Virtual Appliances – 2007 Year in Review
Srinivas Krishnamurti gives us the Virtual Appliances – 2007 Year in Review. Here are his highlights, but click through and check out his perspective on the beginnings and the future challenges and directions in the virtual appliance space.
Virtual appliances outside the security space became a reality with many tier 1 ISVs building virtual appliances. BEA launched their LiquidVM initiative. Business Objects, IBM, McAfee and others have all joined in with virtual appliance editions of their software stacks.
Customers were starting to buy production-ready virtual appliances. I’ve met numerous customers who bought virtual appliances and swear by the simplicity and ease of management they offer. Our marketing team will be posting quite a few success stories shortly.
Several leading analysts initiated coverage on virtual appliances. Gartner, IDC, Forrester, Yankee Group and others are actively tracking virtual appliances.
JeOS (Just Enough OS, pronounced “juice”) started to get traction within the OS community. Ubuntu JeOS is already available – kudos to the Canonical team for being the first OS vendor to take on Virtual Appliances. RedHat announced their intention to offer their version. Even though Microsoft hasn’t really participated in the virtual appliance space, their latest OS offers users the ability as part of Server Cores to install only those components that are required for each server installation and if they can get their licensing and pricing right, they could be a huge player in this space as well. I’m sure Novell and other OS vendors will eventually get on the bandwagon as well.
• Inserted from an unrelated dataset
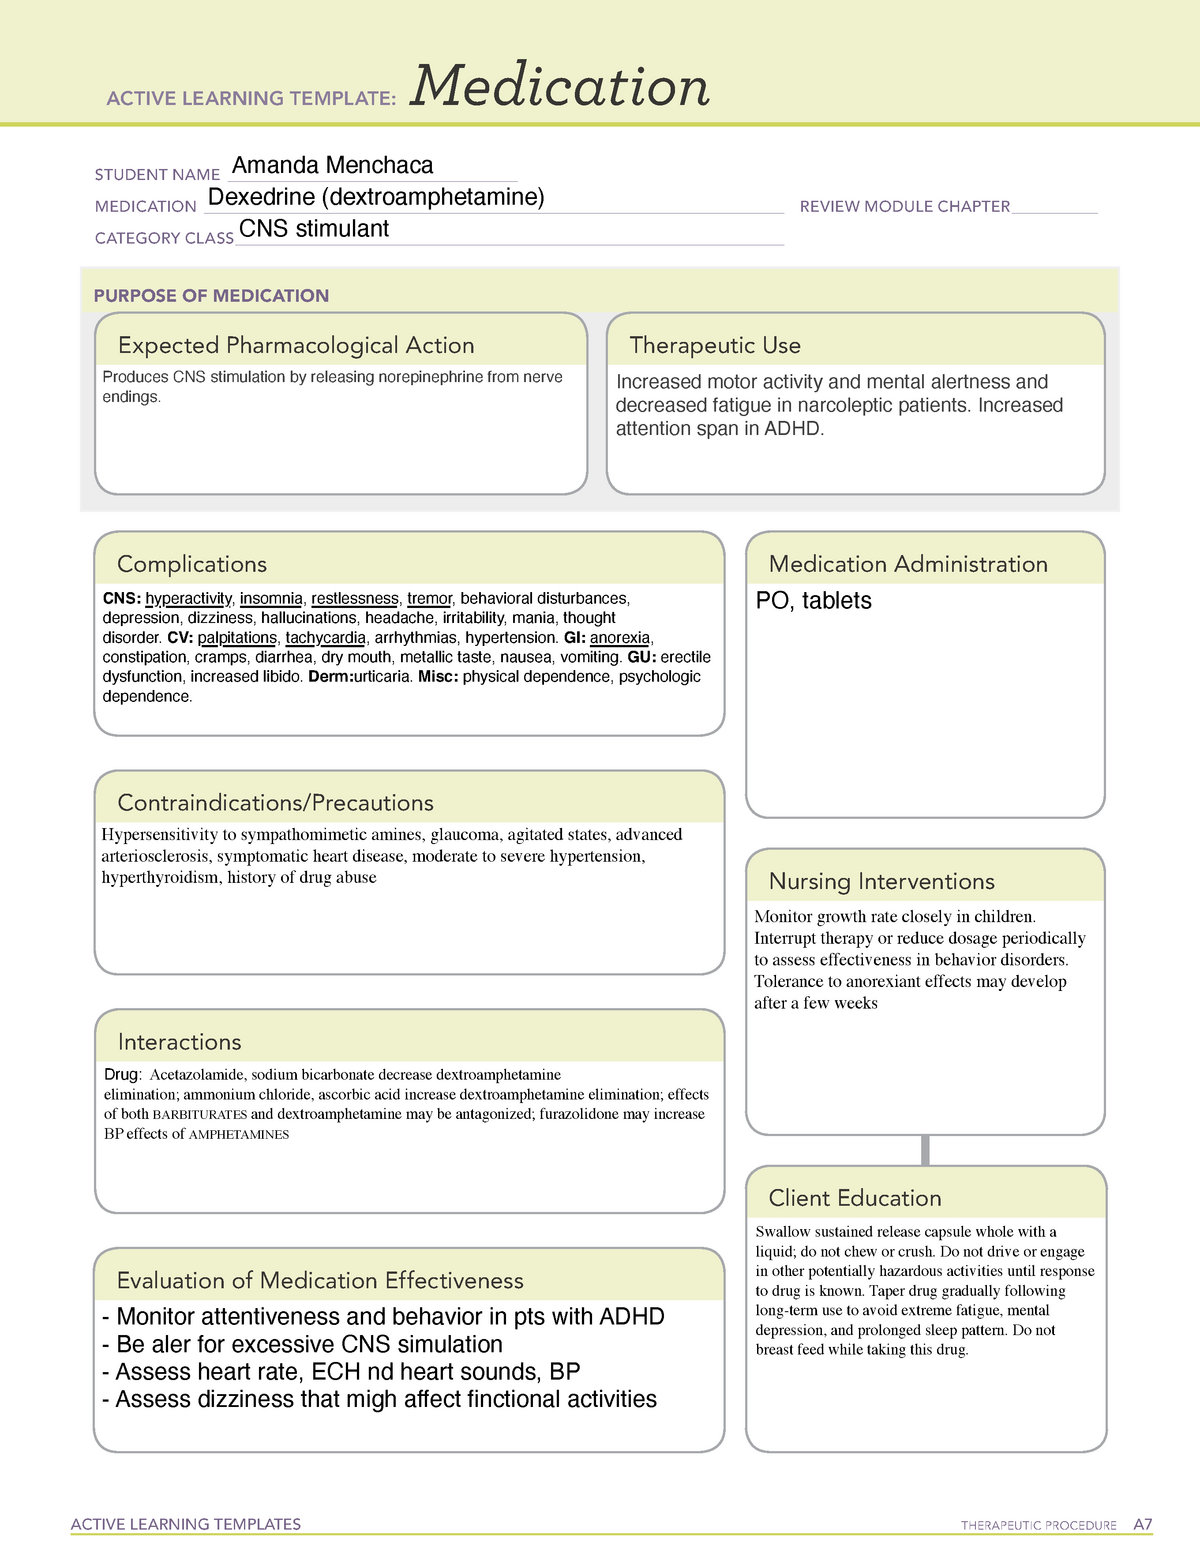 Dexedrine-MED - ATI medication card template - NUR22 With Regard To Medication Card Template

Leading vendors including Dell, HP, IBM, Microsoft, VMware and XenSource collaborated on Open Virtual Machine Format (OVF), which was submitted to DMTF as a standard for packaging and distributing virtual appliances.
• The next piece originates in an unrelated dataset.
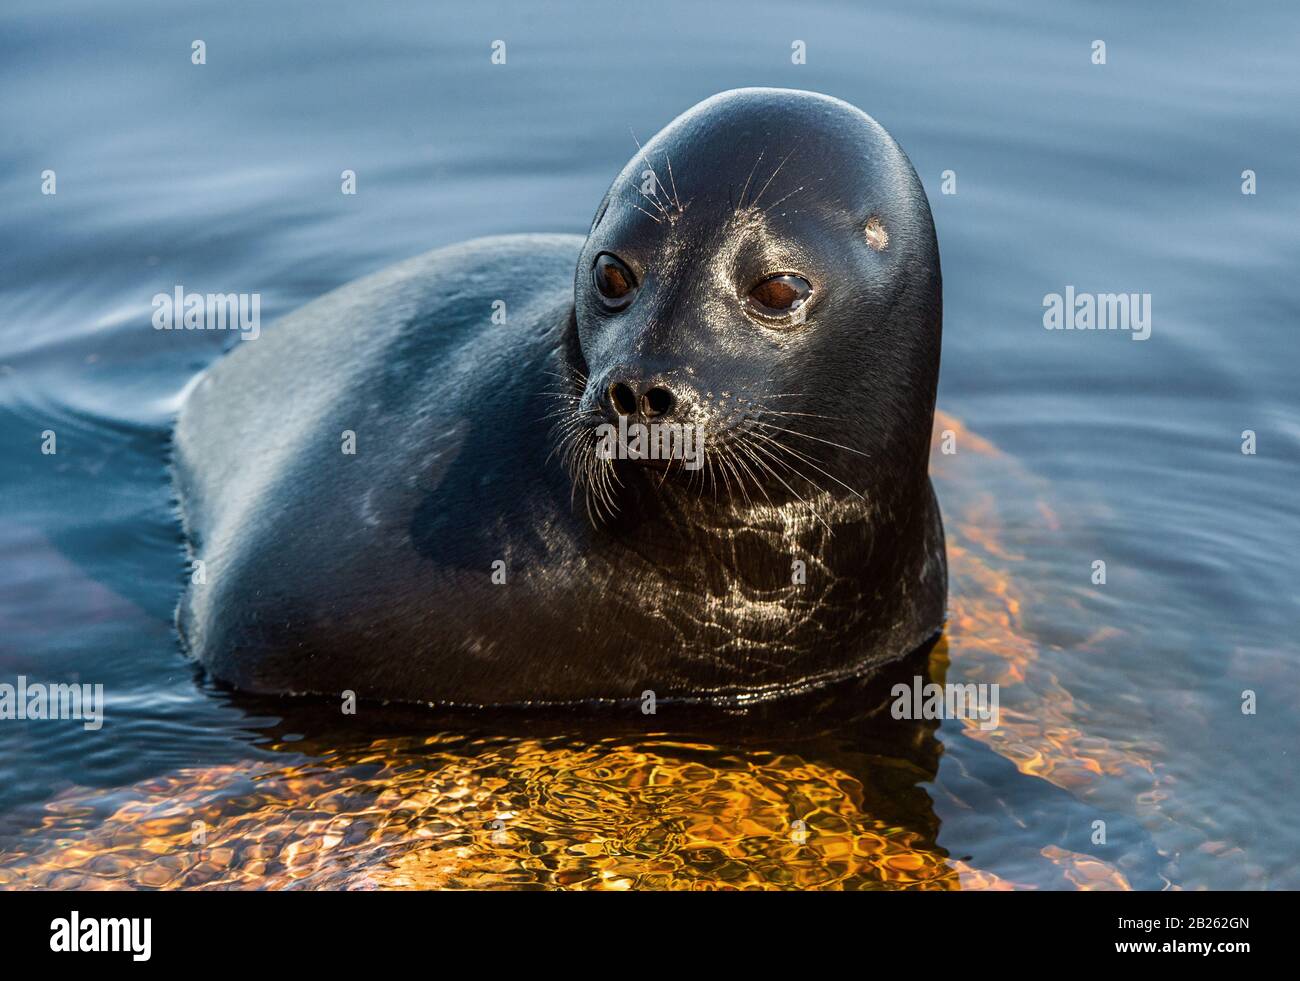 The Ladoga ringed seal resting on a stone. Close up portrait. Scientific name: Pusa hispida ladogensis. The Ladoga seal in a natural habitat. Ladoga L Stock Photo

The ecosystem around virtual appliances started growing with many startups either getting in or getting traction. rPath, virtualappliances.net, JumpBox, cohesiveFT stick out in this category.
Several vendors mimicked VMware’s Virtual Appliance Marketplace with their own. Parallels introduced their VA Directory. RedHat rolled out RHX.
Microsoft joined the party with the VHD Test Drive program (launched in November 2006) to allow ISVs to redistribute Windows in a virtual machine for 30-day evaluations.
Srinivas conceptualized and evangelized this concept from the beginning, and shepherded the VAM through its wild growth. I helped build the original site and it's been fun watching both the traffic grow as well as the concept spread through the industry. Throughout last year and this, I've seen many blog posts where people are just getting the concept -- maybe obvious to some, but to others (like me) it was a full-fledged lightbulb going off over my head. And now when you do a search you see ISVs and open source projects touting their latest virtual appliance releases. All this from a small seed in 2005 -- pretty compelling!